Buddhist temple in Osaka, Japan

Isshin-ji (一心寺) is a Pure Land Buddhist temple in Osaka, Japan. Starting in the Meiji period, thirteen images have been formed, each incorporating the ashes of tens of thousands of devotees. The annual burial ceremony on 21 April in turn draws tens of thousands of worshippers.

==History==
Isshin-ji is said to have been founded in 1185 by Hōnen. Tokugawa Ieyasu camped at the compound in 1614–15 during the Siege of Osaka Castle and became a patron of the temple after his victory.
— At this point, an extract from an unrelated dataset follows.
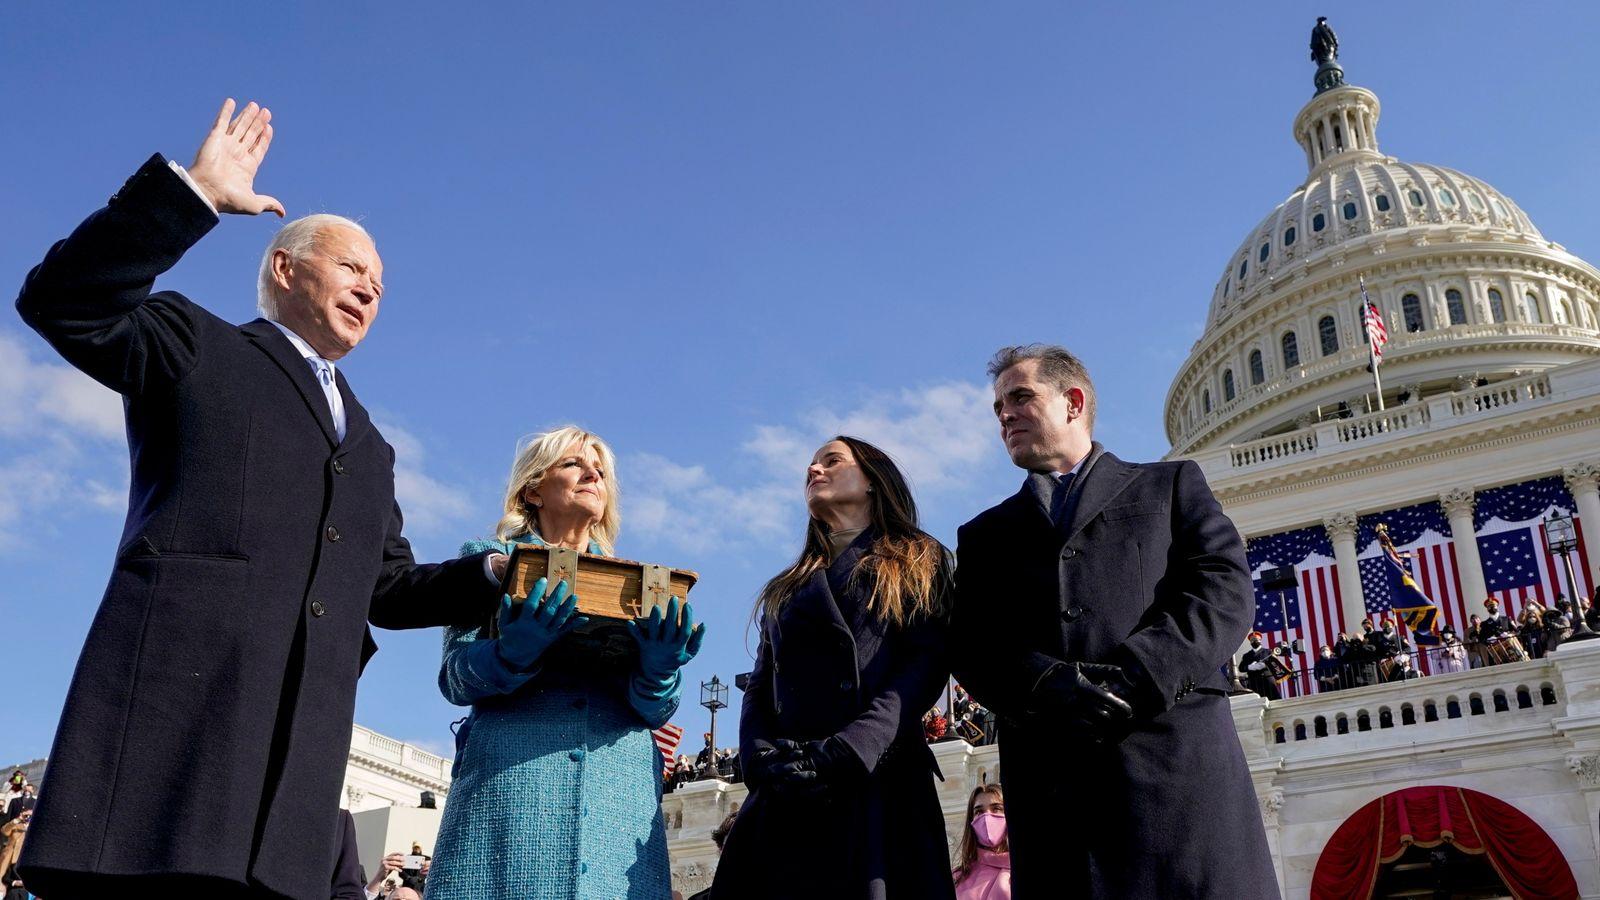 Biden and Harris inauguration live: Watch Joe Biden

Kobori Enshū designed the temple's tea room or chashitsu in this period called Yatsu-mado no seki (八つ窓の席). The popular Kabuki actor Ichikawa Danjūrō VIII was buried in the grounds in 1854 and from that time large numbers of urns were deposited there. By the mid-1880s there were over fifty thousand and, in part due to limitations of space, in 1887 the head priest commissioned sculptors skilled in casting to create a statue of Amida, combining the ashes with resin. Bombing during the Pacific War destroyed the temple and the six statues completed by then.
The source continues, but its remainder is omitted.